Louey Ben Farhat

Personal information
- Date of birth: 19 July 2006 (age 20)
- Place of birth: Waiblingen, Germany
- Height: 1.75 m (5 ft 9 in)
- Position: Forward

Team information
- Current team: Karlsruher SC
- Number: 19

Youth career
- 2013–2021: FSV Waiblingen
- 2021–2022: Stuttgarter Kickers
- 2022–2024: Karlsruher SC

Senior career*
- Years: Team / Apps / (Gls)
- 2024–: Karlsruher SC / 33 / (9)

International career^{‡}
- 2023–2024: Tunisia U20 / 3 / (0)
- 2026: Tunisia / 2 / (0)

= Louey Ben Farhat =

German footballer (born 2006)

Louey Ben Farhat (born 19 July 2006) is a German professional footballer who plays as a forward for 2. Bundesliga club Karlsruher SC.

==Club career==
Ben Farhat is a product of the youth academies of the German clubs FSV Waiblingen, Stuttgarter Kickers, and Karlsruher SC. On 17 March 2024, he made his debut for Karlsruher SC as a substitute in a 7–0 victory over 1. FC Magdeburg in the 2. Bundesliga. On 31 July 2024, he signed his first professional contract with the club. On 28 May 2025, he extended his contract with the club.

==International career==
Born in Germany, Ben Farhat is of Tunisian descent and holds dual German and Tunisian citizenship. He made his debut for the Tunisia U20 team in 2023. He was expected to be called up to the senior Tunisia national team for the 2025 Africa Cup of Nations, but was unable to join the squad as he was recovering from an injury. He made his first appearances for Tunisia in friendly matches against Haiti and Canada in March 2026.

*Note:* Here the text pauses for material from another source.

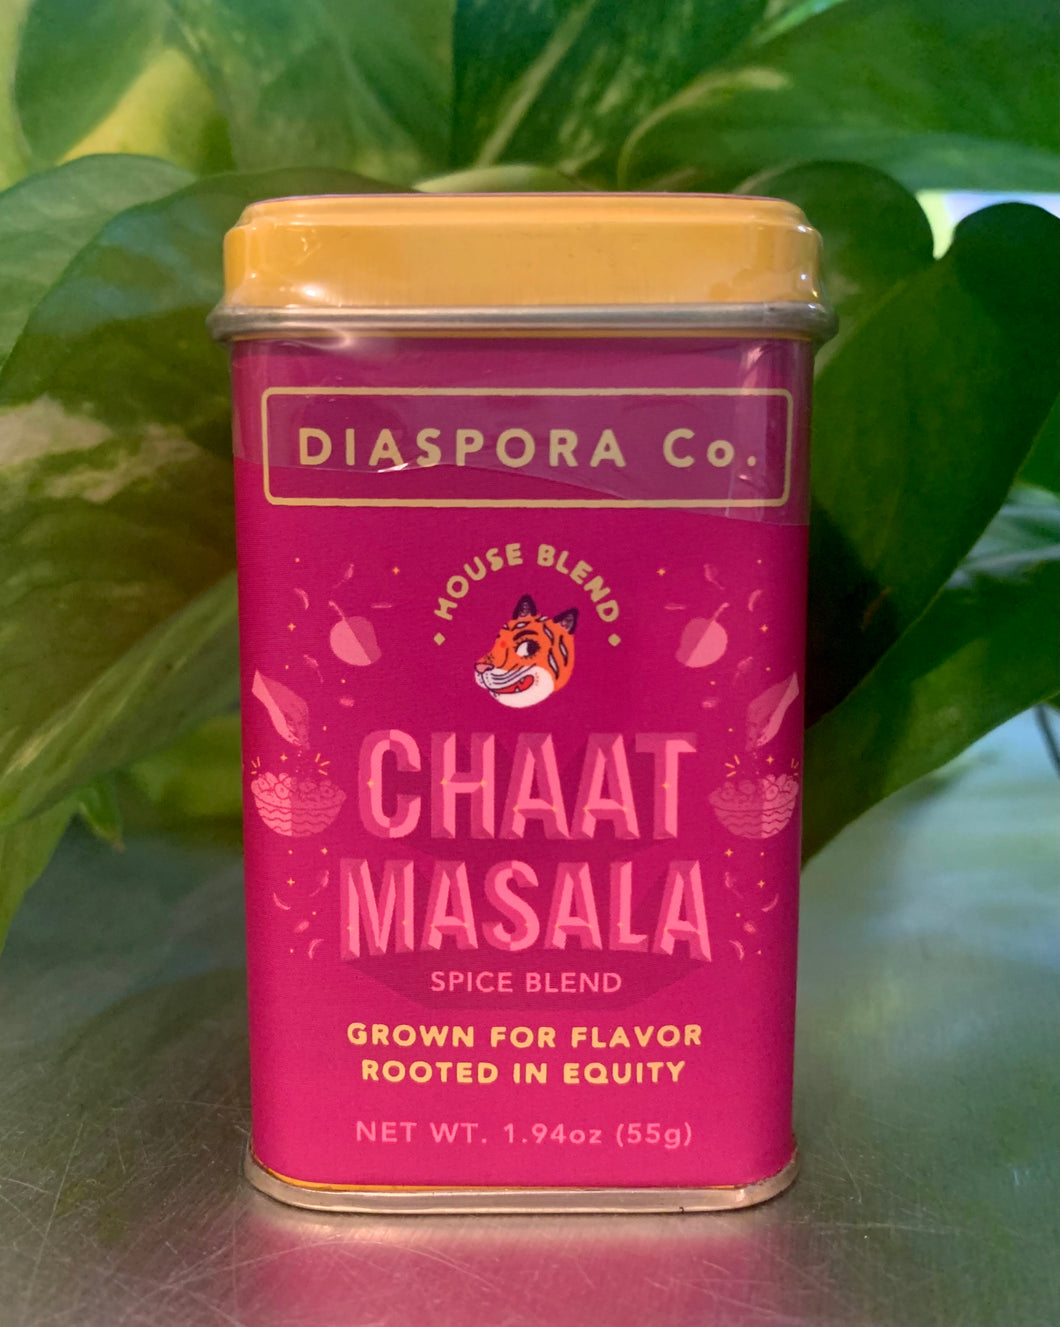 Diaspora Co. Chaat Masala

In May 2026, Ben Farhat was omitted from Tunisia's squad for the 2026 FIFA World Cup. According to coach Sabri Lamouchi, he received a call from the player's father requesting that his son not be called up, as it was considered too early for Ben Farhat to be selected. Ben Farhat later explained his decision by citing the consequences of a metatarsal fracture earlier in the season, which had sidelined him for four months. “Against this background and in view of the strain that a World Cup, including its preparation, would entail, I have made this decision at this time.”

In September 2026, he was called up to the Germany under-21 national team for the 2027 European Under-21 Championship qualificaton matches of the month.